In the future stick with Sephora (if possible) and get samples of products so you're not wasting your time having to find the receipt and go back to the store to return an item that you didn't want anymore.


----------



## Dancerina (Sep 10, 2013)

There is nothing wrong with returning makeup that didn't work for you. I've done it at both CVS and Sephora and I haven't had a problem. They understand. I guess it just depends on where you go and who does your return.


----------



## jrenee (Sep 10, 2013)

I've only been to Ulta once to buy dry shampoo.  When I was checking out, I had an older woman, likely a manager, give me an uncomfortable look and a stern response when I inquired about their return policy if I tried the product.  (She said that they wouldn't accept a half full bottle).  

I ended up returned it after using it once because I didn't like it/ it didn't work for me.  The sales associate who was processing my return was pretty friendly and recommended some alternatives when I said I didn't like the product (that I couldn't buy at the time because I couldn't stay to try out products).

On the other hand, I used to be a habitual returner at Sephora because I prefer online shopping as oppose to going to the store and trying it out.  And this was before I learned that if you go to the store, they can give you samples of the product to try at home.  And this was before I knew that the beauty experts can sit you down and help create looks with the makeup.  (Frankly, all of this was BEFORE I was a member of Make Up Talk!)

While I'm a more conscious and informed shopper, I also don't sweat it if I need to bring something back because it was an impulse purchase (as long as I don't use it) and it's in re-sellable condition.  If I want to try something, I usually do some research on MUT to find reviews, then go to Sephora and get their help/recommendations.  

I don't really know what your situation is, but I agree with Zadi that it's not really ethical to bring something back simply because you stopped using it in your regular routine.  I was never given a hard time at Sephora when I brought in several items to return (with different receipts), but I felt bad doing so, especially when they didn't say anything.


----------



## NewportSweetPea (Oct 16, 2013)

I bought a UD lipstick and the color is just too bright of a light pink.  I used it once.  I would like to return it.  I threw out the box though.  I feel awkward but $22+ is a bit much for a lip stick that I don't like and won't use. 

I want to try it one more time with a lip liner that is darker first.  

The other problem with returning it, I used my award points to purchase a bunch of stuff.  I decided that rather than a bunch of single eyeshadows, I would return it and get a palette.

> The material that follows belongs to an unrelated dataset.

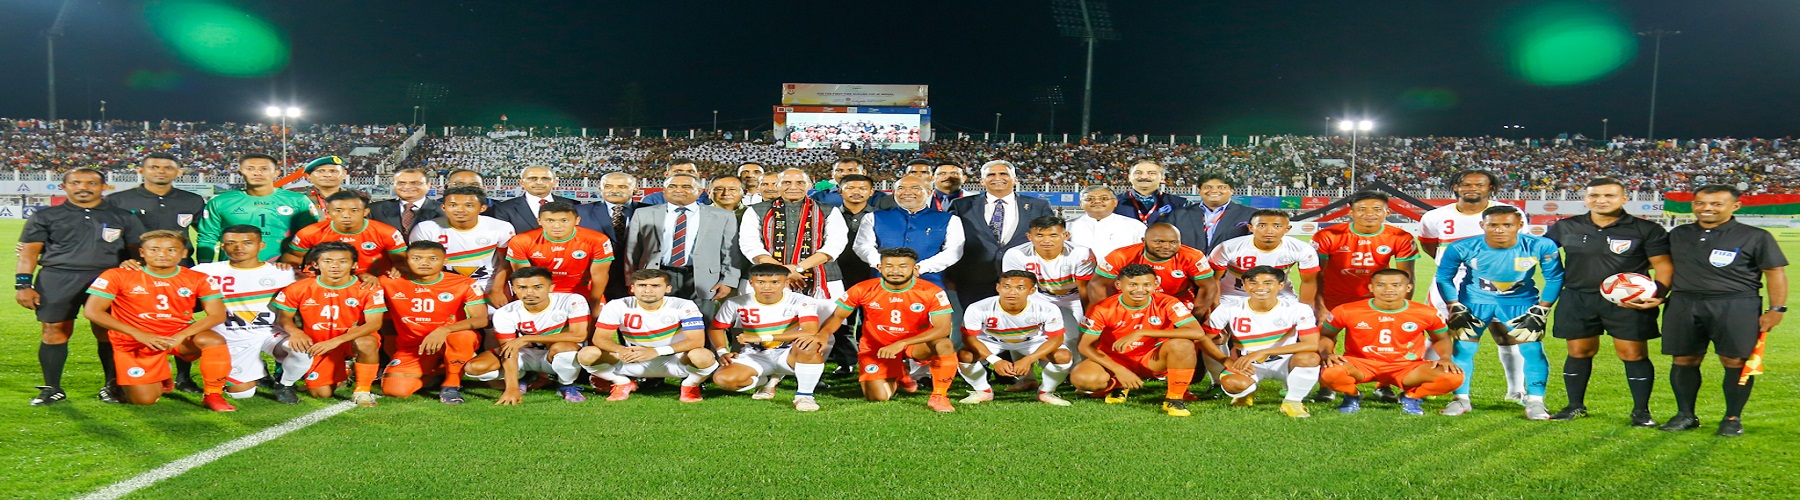 Glimpses of first ever Durand Cup match, played in Manipur between NEROCA FC vs TRAU FC, inaugurated by Raksha Mantri Shri Rajnath Singh at Khuman Lampak Man Stadium in Imphal on August 18, 2022.
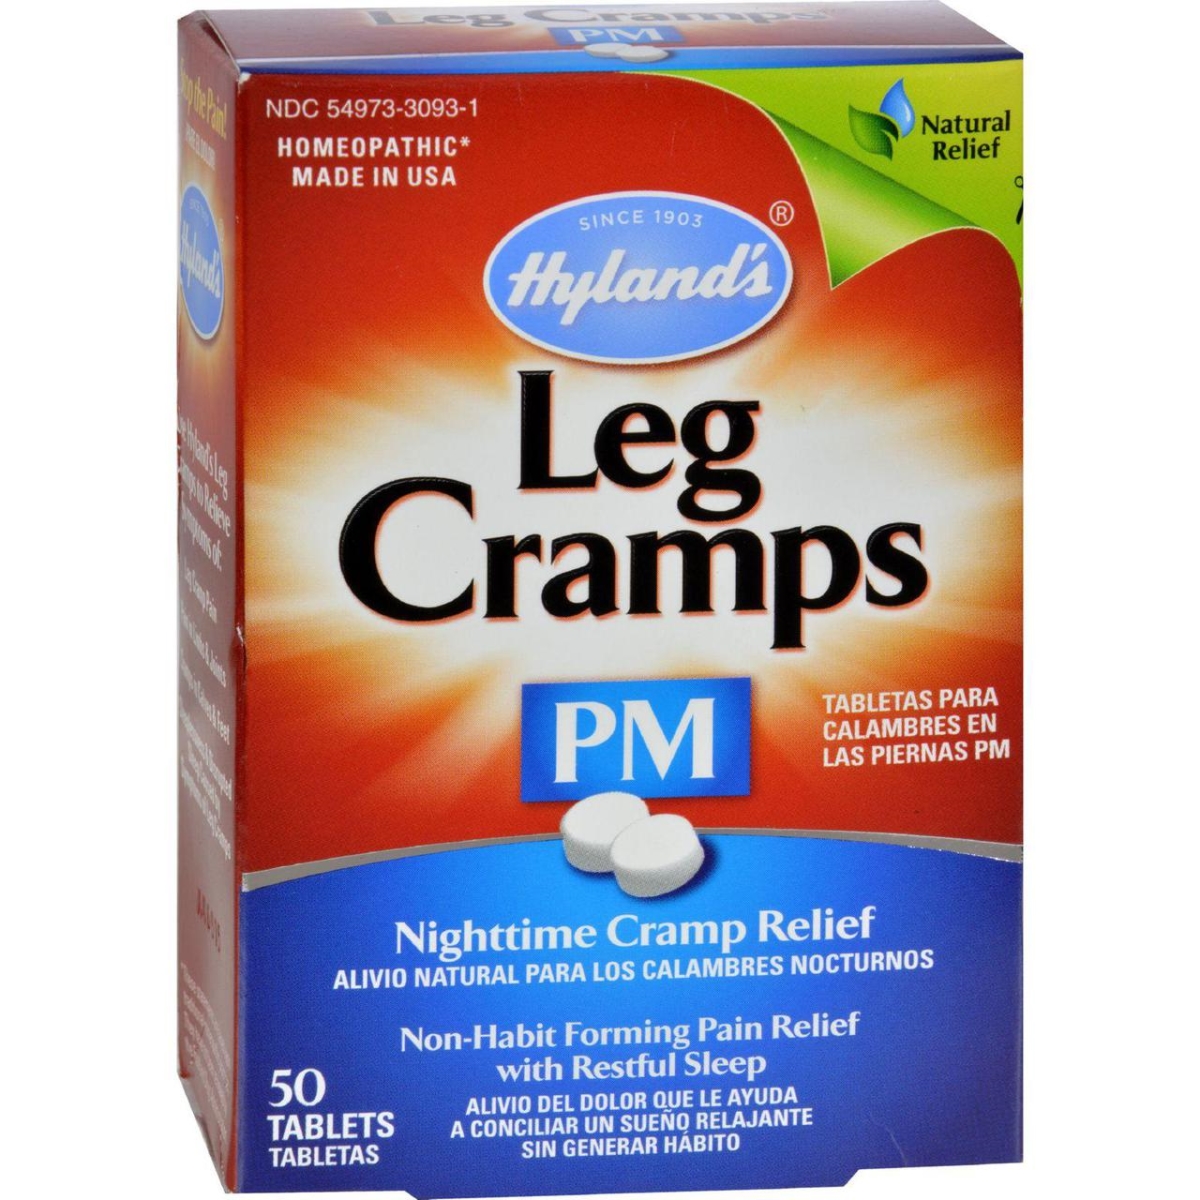 Hg0139022 Leg Cramps Pm With Quinine, 50 Tablets

When they did the return, they subtracted out the award points for each item and so I lost those dollars.  I had purchased 3x more than what the points were and only returned a fraction of the purchase.  I also lost points that I earned. I get that part, but the award dollars made me upset.  So if I did return this lipstick, that would be another hit and more lost award points.


----------



## luckyme502 (Oct 19, 2013)

Quote: Originally Posted by *NewportSweetPea* /img/forum/go_quote.gif
  I bought a UD lipstick and the color is just too bright of a light pink.  I used it once.  I would like to return it.  I threw out the box though.  I feel awkward but $22+ is a bit much for a lip stick that I don't like and won't use. 

I want to try it one more time with a lip liner that is darker first.  

The other problem with returning it, I used my award points to purchase a bunch of stuff.  I decided that rather than a bunch of single eyeshadows, I would return it and get a palette. When they did the return, they subtracted out the award points for each item and so I lost those dollars.  I had purchased 3x more than what the points were and only returned a fraction of the purchase.  I also lost points that I earned. I get that part, but the award dollars made me upset.  So if I did return this lipstick, that would be another hit and more lost award points.  
If you want a different shade of the UD lipstick, you could just do an exchange.  Then you wouldn't be losing points.


----------